- Artist: Pablo Picasso
- Year: 1921
- Medium: Oil on canvas
- Movement: Synthetic Cubism
- Dimensions: 200.7 cm × 222.9 cm (79.0 in × 87.8 in)
- Location: Museum of Modern Art, New York. Mrs. Simon Guggenheim Fund, 1949;

= Three Musicians (Picasso) =

1921 cubist paintings by Pablo Picasso

Three Musicians, also known as Musicians with Masks or Musicians in Masks, is a large oil painting created by Spanish artist Pablo Picasso. He painted two versions of Three Musicians. Both versions were completed in the summer of 1921 in Fontainebleau near Paris, France, in the garage of a villa that Picasso was using as his studio. They exemplify the Synthetic Cubist style; the flat planes of color and "intricate puzzle-like composition" giving the appearance of cutout paper with which the style originated. These paintings each colorfully represent three figures wearing masks. The two figures in the center and left are wearing the costumes of Pierrot and Harlequin from the popular Italian theater Commedia dell'arte, and the figure on the right is dressed as a monk. In one version, there also is a dog underneath the table.

Although both versions share the same subject, the darker version today is more famous than the other.

==Description==
The Pierrot is believed to represent the poet Guillaume Apollinaire, the Harlequin is believed to represent Picasso, and the monk is believed to represent the poet Max Jacob. Apollinaire and Jacob were close friends of Picasso during the 1910s. However, Apollinaire died from the Spanish flu on November 9, 1918, and Jacob entered a Benedictine monastery in June 1921.

===MoMA version===
The setting of this version is a bare, dark brown, boxlike space, where the floor is a lighter brown color than the walls. Unscrambling the jigsaw in this one is quite a challenge.

In the space are three figures behind a table. On the table are still-life objects, which Picasso identified as a pipe, a package of tobacco, and a pouch.

The figure on the left is the Pierrot, the sad clown from Commedia dell'arte. He has a white pointy hat, a black eye mask, a blue and white body, and white pants. He is playing a gray clarinet. His small brown hands are disproportionate to the rest of his body.

The figure in the middle is the Harlequin. He's dressed in a red and yellow diamond pattern and is playing a yellow guitar. The guitar and his body are quite easy to make out. His blue mask is part of a larger shape that covers much of the Pierrot and it's topped off by a black, round hat. The figure on the right is the monk. He wears a black robe and is holding sheet music. He has a square nose with a stringy beard.

In this version, Picasso also included a dark brown dog underneath the table but it is mostly hidden. Its tail is seen flicking upward between the Harlequin's legs, its body and one of its rear legs between the Pierrot's legs, and its two front legs on the far left of the floor between the left table leg and the left wall. Not its head, but the shadow of his head, is seen on the back wall.

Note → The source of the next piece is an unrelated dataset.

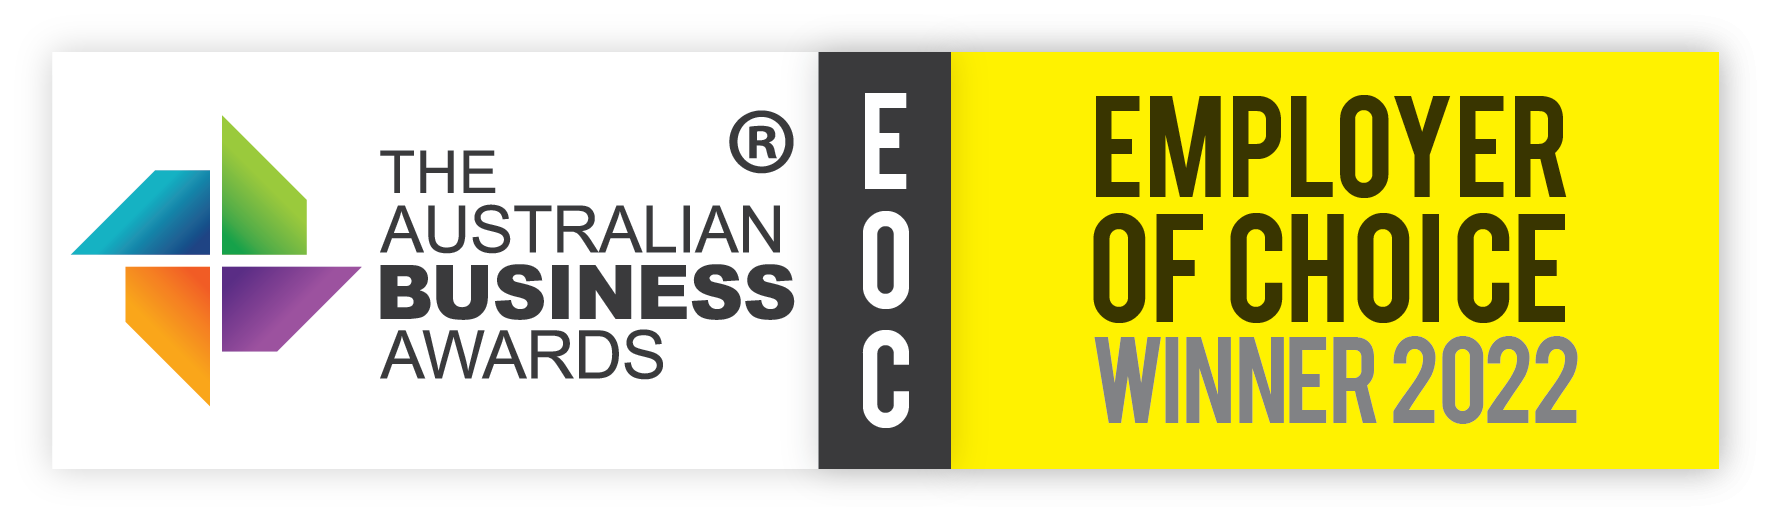 Winner for Employer of Choice in The Australian Business Awards 2022.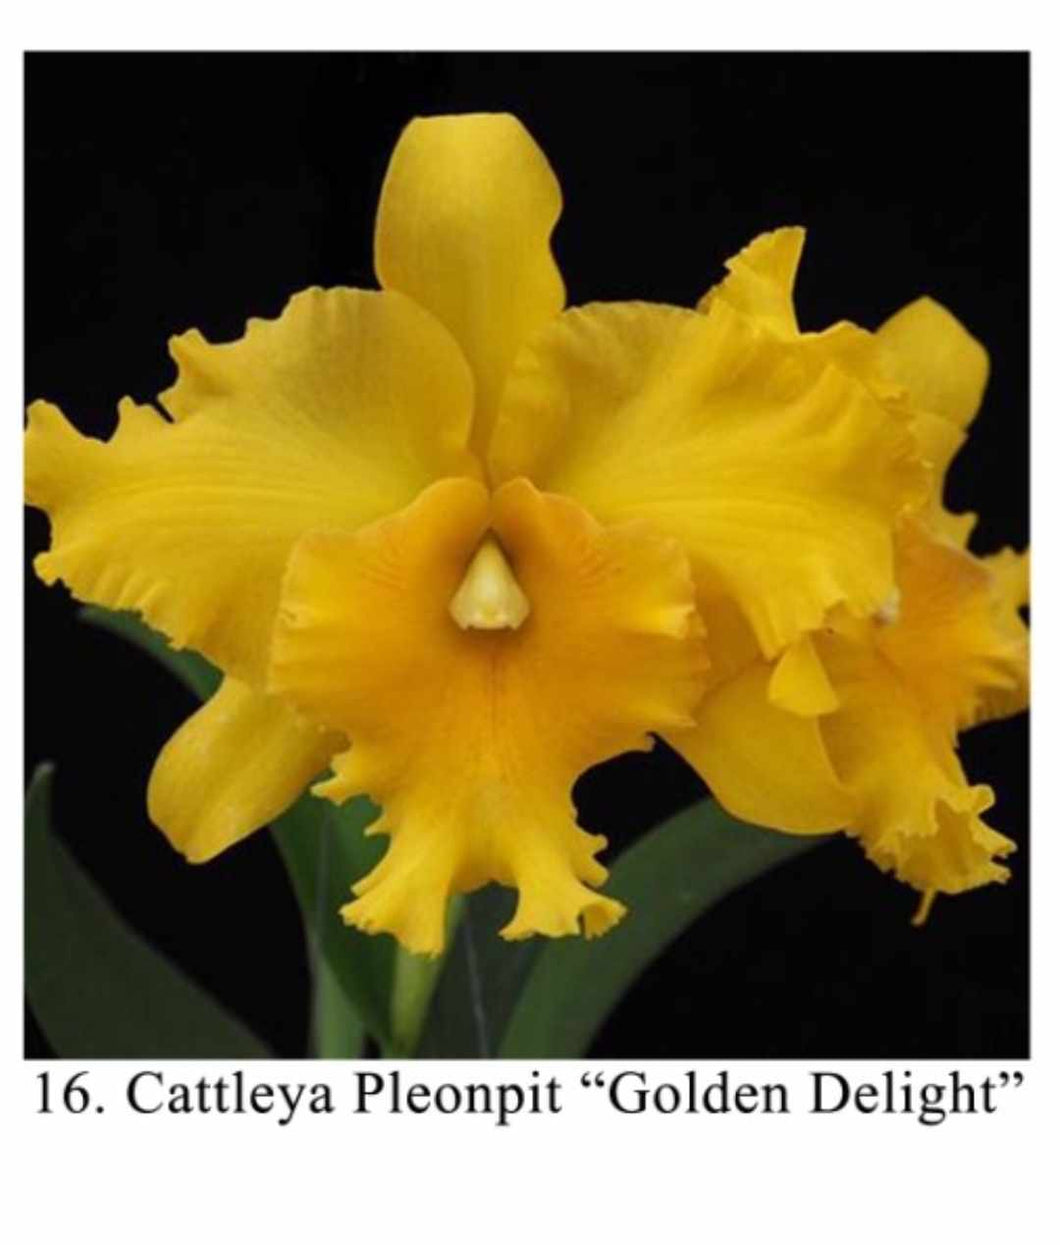 Cattleya Pleonpit “Golden Delight” - TAIWAN

===Philadelphia version differences===
- No dog in this painting
- Harlequin is playing a violin
- Pierrot and Harlequin have changed places
- The floor is orange, not brown
- The sheet music is on the table rather than being held by one of the musicians

==History==
Picasso worked on both versions simultaneously. At the same time, he also painted Three Women at the Spring. According to old photos, the Philadelphia version originally only had the Pierrot and Harlequin but Picasso later added the monk.

At the end of summer 1921, the canvases were untacked from the garage walls, rolled up, and transported. One version was acquired by Paul Rosenberg. The other was acquired by Albert Eugene Gallatin.

In 1949, Paul Rosenberg sold his painting to the Museum of Modern Art, and it was acquired through the Mrs. Simon Guggenheim Fund.

In 2023, an exhibition at the Museum of Modern Art reunited the two versions with two versions of Three Women at the Spring which were created at the same time.

==In popular culture==
In The Simpsons episode "Mom and Pop Art", Homer has a dream where the Three Musicians turn their instruments into guns and shoot at him.